— Делай то, что должен.
— Лена, скажи ему, — воскликнула Ханна, удивив меня своим напором. — Ты ведь не…
— Мама, — прервала я, понимая, что, скрывая правду от Кавьяра, подписываю себе смертный приговор.
По сути, это была игра с огнем. Промолчать о том, что на телевидении не назвала имени грека, было высшей мерой глупости, и Ханна осознавала, чего я добиваюсь от Клио. Мне хотелось раз и навсегда разобраться в его чувствах и отношении ко мне. Если отпустит, значит действительно стал другим. Убьет…
— Что ты должна мне сказать, Летти? — знакомый хищный прищур и морщинки во внешних уголках глаз.
Я задрала подбородок, проявляя упрямство.
— Только то, что не сомневалась в твоем появлении здесь. А как же иначе? Разве ты смог бы позволить мне жить?
Взгляд Кавьяра вспыхнул, растопив горький шоколад бездонных глаз. Он разозлился. Подался ко мне и, положив ладонь на затылок, сильнее прижал оружие ко лбу, оставляя отметину.
— Вижу, ты забыла, как подставила меня, — процедил грек сквозь стиснутые зубы, буравя горящим взглядом. — Из-за твоего глупого героизма погибла пленница, пострадал Тео.
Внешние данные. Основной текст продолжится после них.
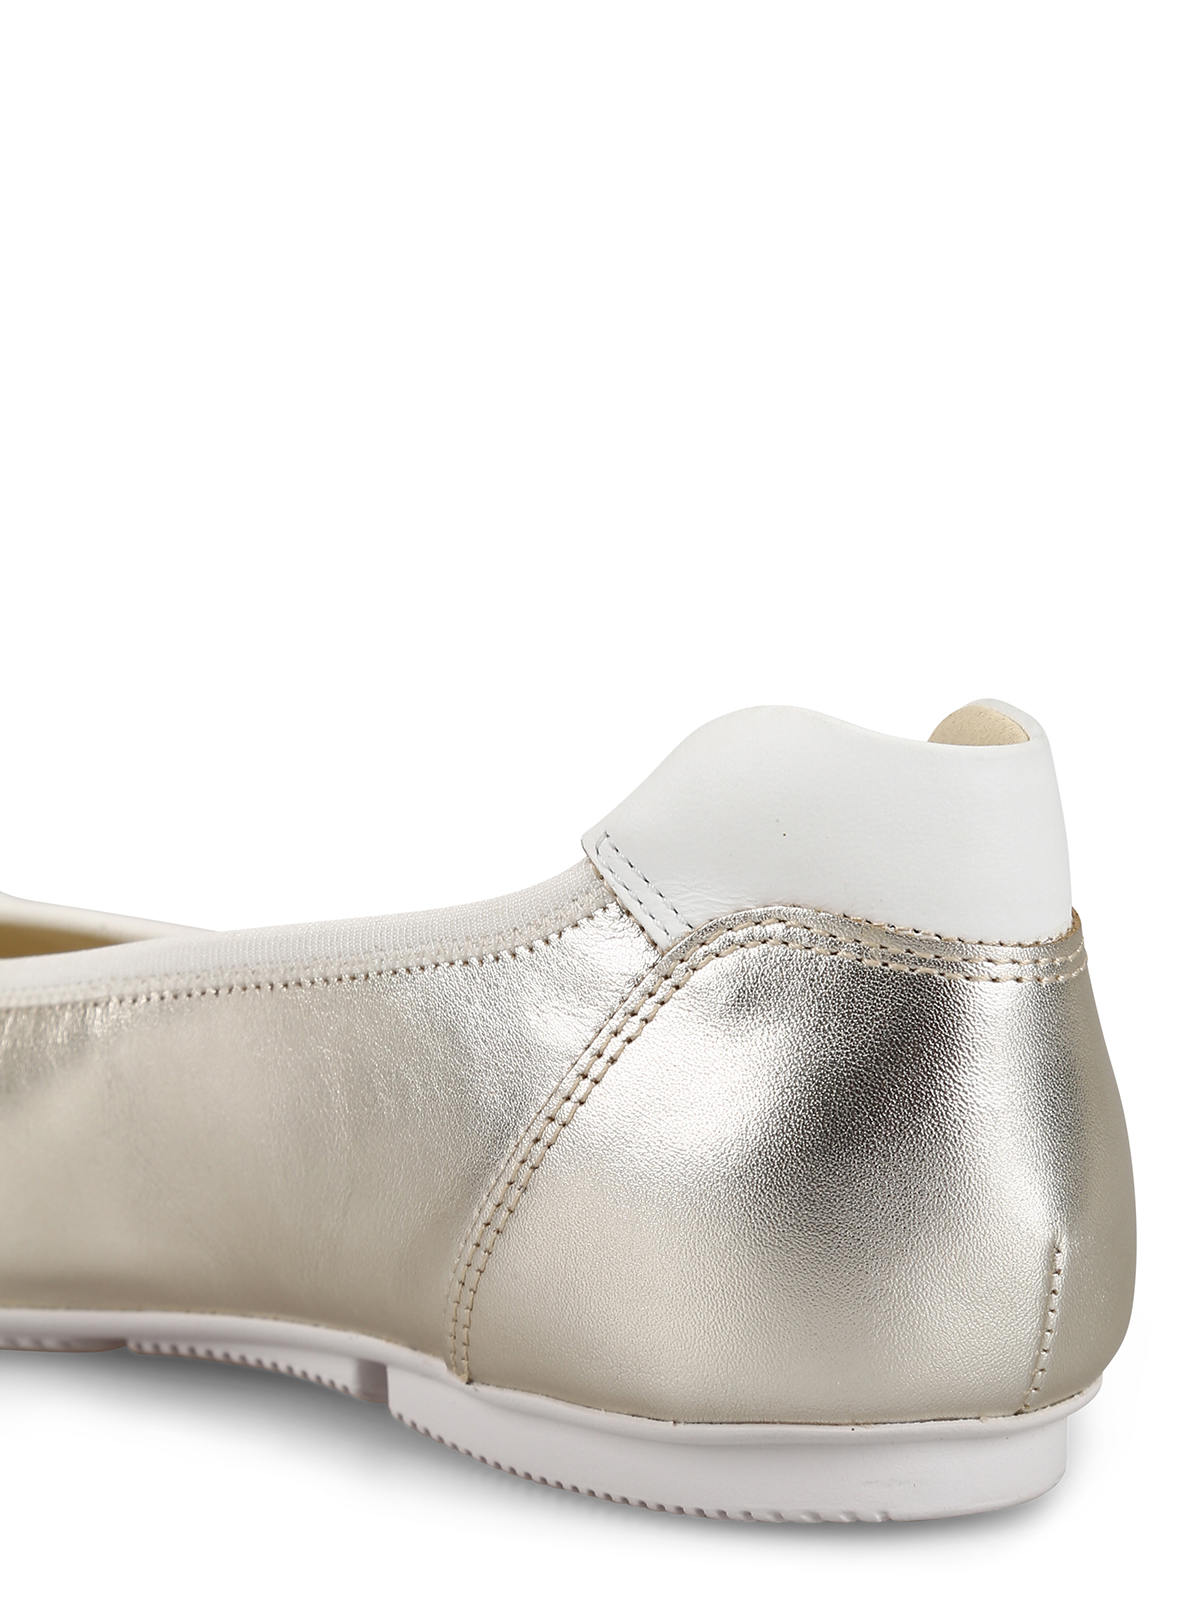 82ecde7eb0935 Hogan - Ballerine Wrap-H144 in pelle oro pallido - ballerine ...

Меня едва не уничтожил Мэттью, воспользовавшись моей беспомощностью и твоим побегом. Пусть это и спасло от расправы «Черного Креста», но все же мало кто поверил в то, что я не причастен к нападению на Мухамеда… Он это просто так не оставит, поверь.
— Араб жив? — выдохнула я в ужасе.
— Представь себе, да. И теперь ты для него — враг номер один.
Хотя мне было страшно, внутри начала теплиться надежда. Клио совершенно очевидно тянул время. Значит не хотел убивать.
— Но я не доставлю ему такого удовольствия, — отошел на шаг назад. — На колени.
Сердце оборвалось. Похоже, я ошибалась на его счет. Клио — убийца.
— На колени, немедленно, — повторил Кавьяр, грубо рванув меня за рукав.
Ткань треснула, я упала, растянувшись на полу. Приподнялась, но грек не позволил встать полностью. Удержал меня пистолетом, вновь прижав его ко лбу. Я подняла глаза: ни презрения, ни ненависти, ни злости. Темнота в душе Клио заиграла новыми оттенками, словно приобрела нечто светлое и непоколебимое. То, что не позволяет человеку упасть ниже, не дает провалиться в бездну, удерживает на плаву. Что-то незнакомое, но когда-то прочувствованное мной. Просто я забыла, каково это испытывать притяжение, нежность, уважение. Все в этот миг внезапно раскрылось передо мной, и я поняла — если выживу, возможно, поменяю мнение о греке.
— Стреляй… — почему-то прошептала я, не замечая, что по щекам от страха текут слезы.
— Стреляй, Клио.
За спиной заскулила Ханна.
Кавьяр прожигал меня взглядом насквозь, не моргая и не двигаясь. Он не скрывал эмоций. Абсолютно не смущался той гаммы чувств, что отражалась на его лице. Грек буквально обволакивал меня своей тьмой.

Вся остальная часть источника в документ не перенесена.